Annual determination of infection status and chronic LF pathology.

Annual physical examination for signs of chronic LF morbidity such as lymphedema of an extremity and hydrocele were performed by JWK and other clinicians according to recommendations from the World Health Organization [28]. Yearly blood samples were obtained the night before administration of anti-filarial drugs in order to determine microfilaremia by the Nuclepore® filtration method. Og4C3 circulating filarial antigen levels were measured in samples obtained the day before the first MDA and 1 year after the fourth MDA. Filarial antigenemia was scored as negative, low or high as described previously [3], [24].

Entomological monitoring.

Mosquitoes were captured by the landing catch method and results expressed as the annual infective biting rate, i.e. the number of blood-seeking mosquitoes containing at least 1 W. bancrofti infective larva that a person would be exposed to over a 1-year period [3], [24], [29].

Statistical methods

Chi square tests were used to test differences in proportions. T-tests were used to compare differences in frequencies. Poisson regression (using the GENMOD procedure) was used to estimate the incident rate ratios (IRR) and 95% confidence intervals (CI) of AFM while incorporating multiple records of the same person in different years. Overdispersion was assessed using Pearson residuals. Negative binomial models were used to obtain standard error estimates when overdispersion was detected. Incidence ratios were calculated for baseline transmission intensity, age, sex, chronic disease status, microfilaremia status and density, and filarial antigenemia. Temporal effects of MDAs were evaluated by stratification and by including a variable for study year, controlling for repeated measures among individuals. In addition, stratified models were used to evaluate treatment-related effects after each MDA according to rapid (4 weeks immediately following MDA) and long-term (remaining 48 weeks of the study year) follow-up after MDA. Quasi-likelihood ratio tests were performed to compare models and select predictors for AFM incidence (i.e. age, sex, chronic LF pathology, presence or absence of microfilaremia, and filarial antigenemia). Model assumptions were evaluated by calculating deviance from the full model and autocorrelation plots of residuals. All analyses were performed with SAS version 9.1 (Carey, North Carolina, USA).
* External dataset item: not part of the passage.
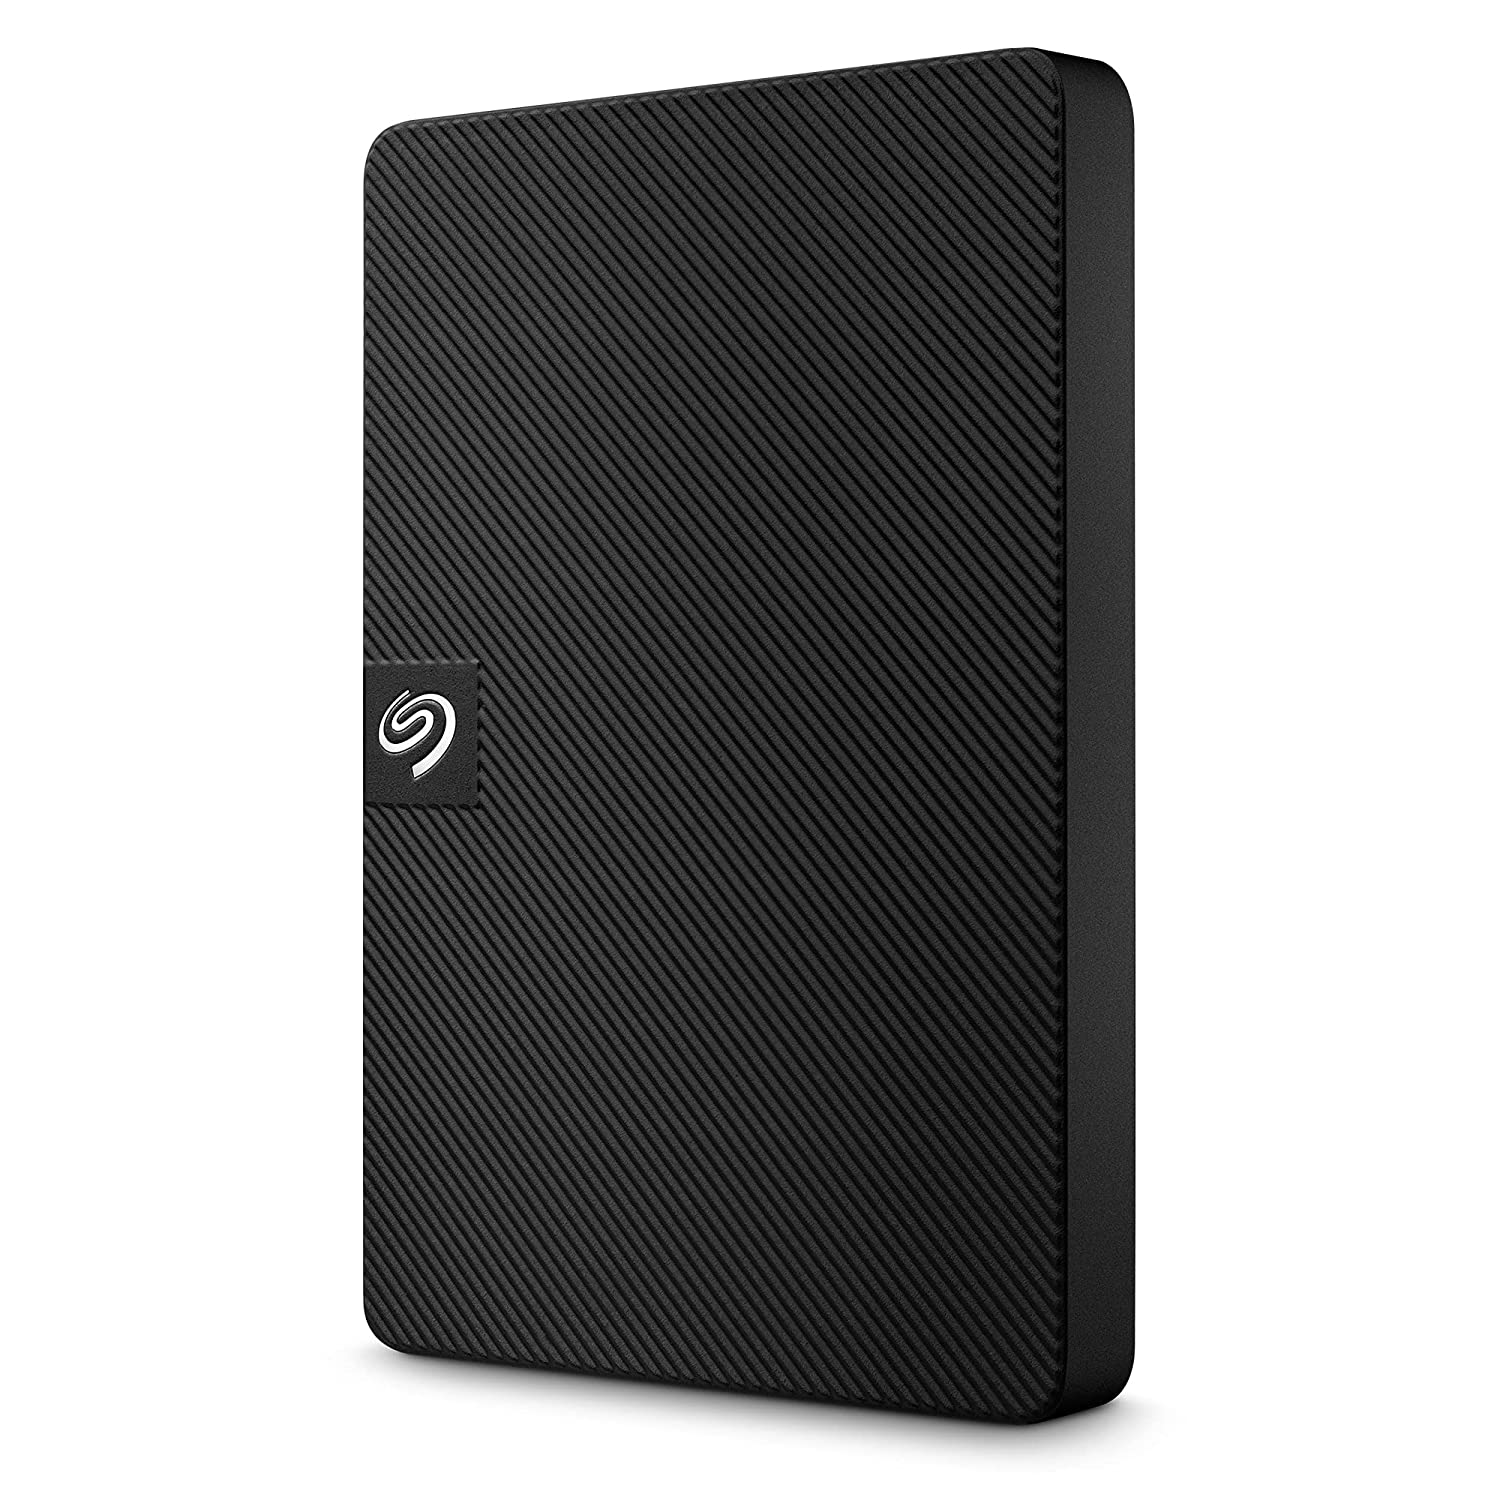 Hard Drive and SSD - Seagate Expansion 2TB External HDD - USB 3.0 for Windows and Mac - Portable Hard Drive
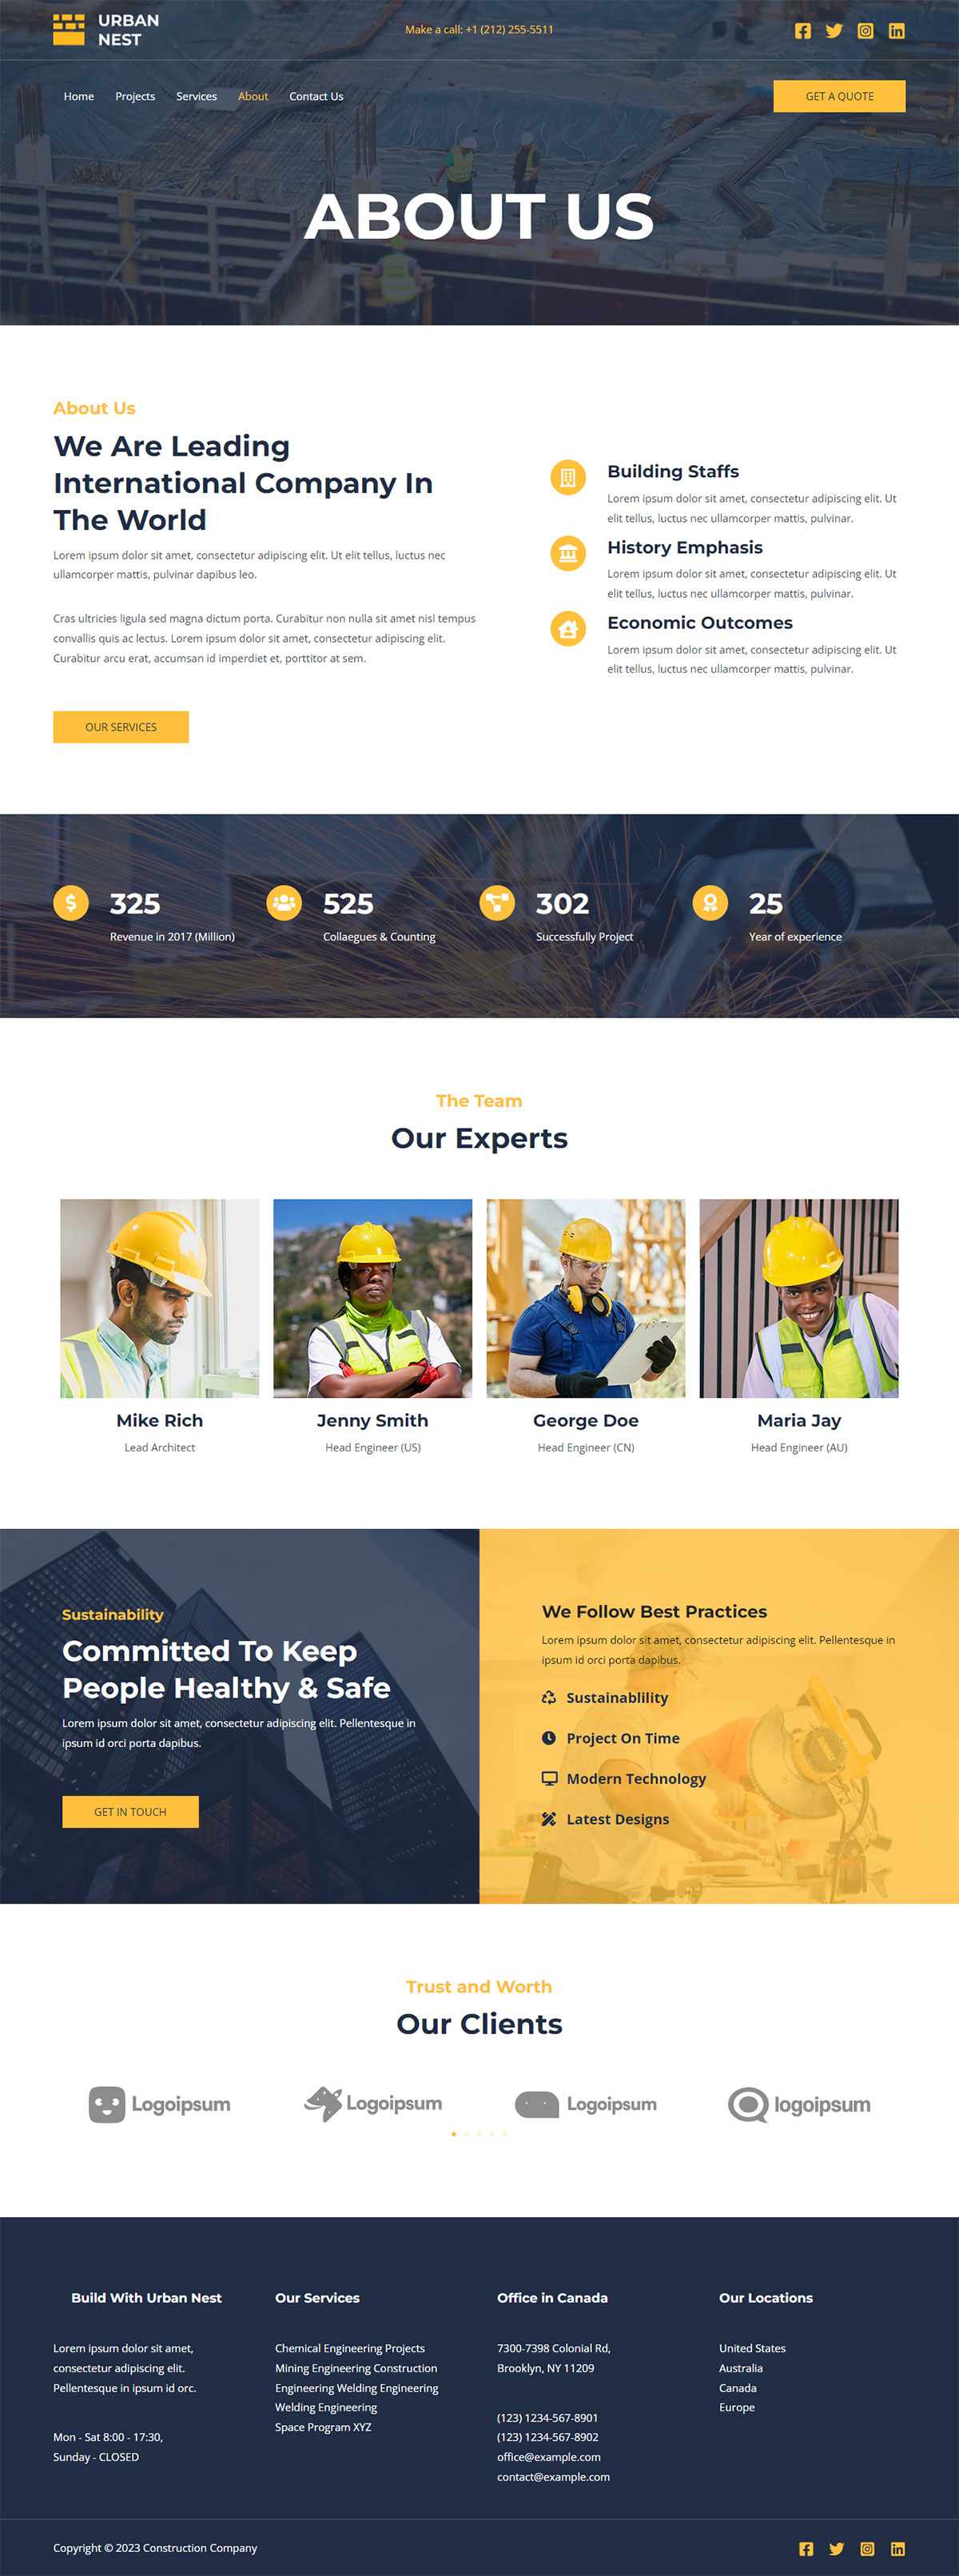 construction-company-02-about

Observations in this study were made at a time (1993 to 1998) before the current World Health Organization recommendation for mass drug administration to eliminate lymphatic filariasis outside Africa be annual diethylcarbamazine combined with albendazole. We used diethylcarbamazine alone and diethylcarbamazine combined with ivermectin in our randomized community trial. These drugs were under consideration for mass drug administration at the time the study was performed. We do not believe that the use of these anti-filarial drugs diminishes the significance of the findings related to acute filariasis morbidity and MDA since: a) Mosquito transmission was effectively reduced in our earlier trial; b) There was no difference in the magnitude of transmission reduction effected by the diethylcarbamazine alone versus diethylcarbamazine combined with ivermectin; and, c) The anti-filarial drug with the highest activity against microfilaria and adult worms is diethylcarbamazine. Additional limitations relate to the fact that acute filariasis morbidity events that we tracked were self-reported and not documented by repeated physical examination or imaging studies of lymphatic vessels or lymph nodes.


Morbidity surveillance was performed on an open cohort during a 5-year annual MDA field trial, including 1 year of observation before the first annual round of MDA. Self-reported disease events and physical examinations for lymphedema of an extremity and hydrocele were observed for a total of 16,480 person-years. The absolute number of AFM events ranged from 1,445 during the pre-MDA year to 514 events during the year following 2 annual MDAs, corresponding respectively to incidences of 0.39 and 0.15 per person-year of observation (Table 1). The duration of AFM events was similar throughout the 5-year observation period, with 92% of events lasting 1 to ≤3 weeks as previously described in this study population [23]. Only 0.3% of events were recording as having a duration >10 weeks. AFM events were estimated for all potential disease locations: leg, arm, scrotum and breast. Leg events accounted for 76% of the total 4,149 AFM events (range of the 5 annual values 74–79%, Table 1). Events involving the arm occurred in 10% of the participants. All other locations accounted for <10% of AFM events, and occurred at rates of <0.02 per person-year of observation.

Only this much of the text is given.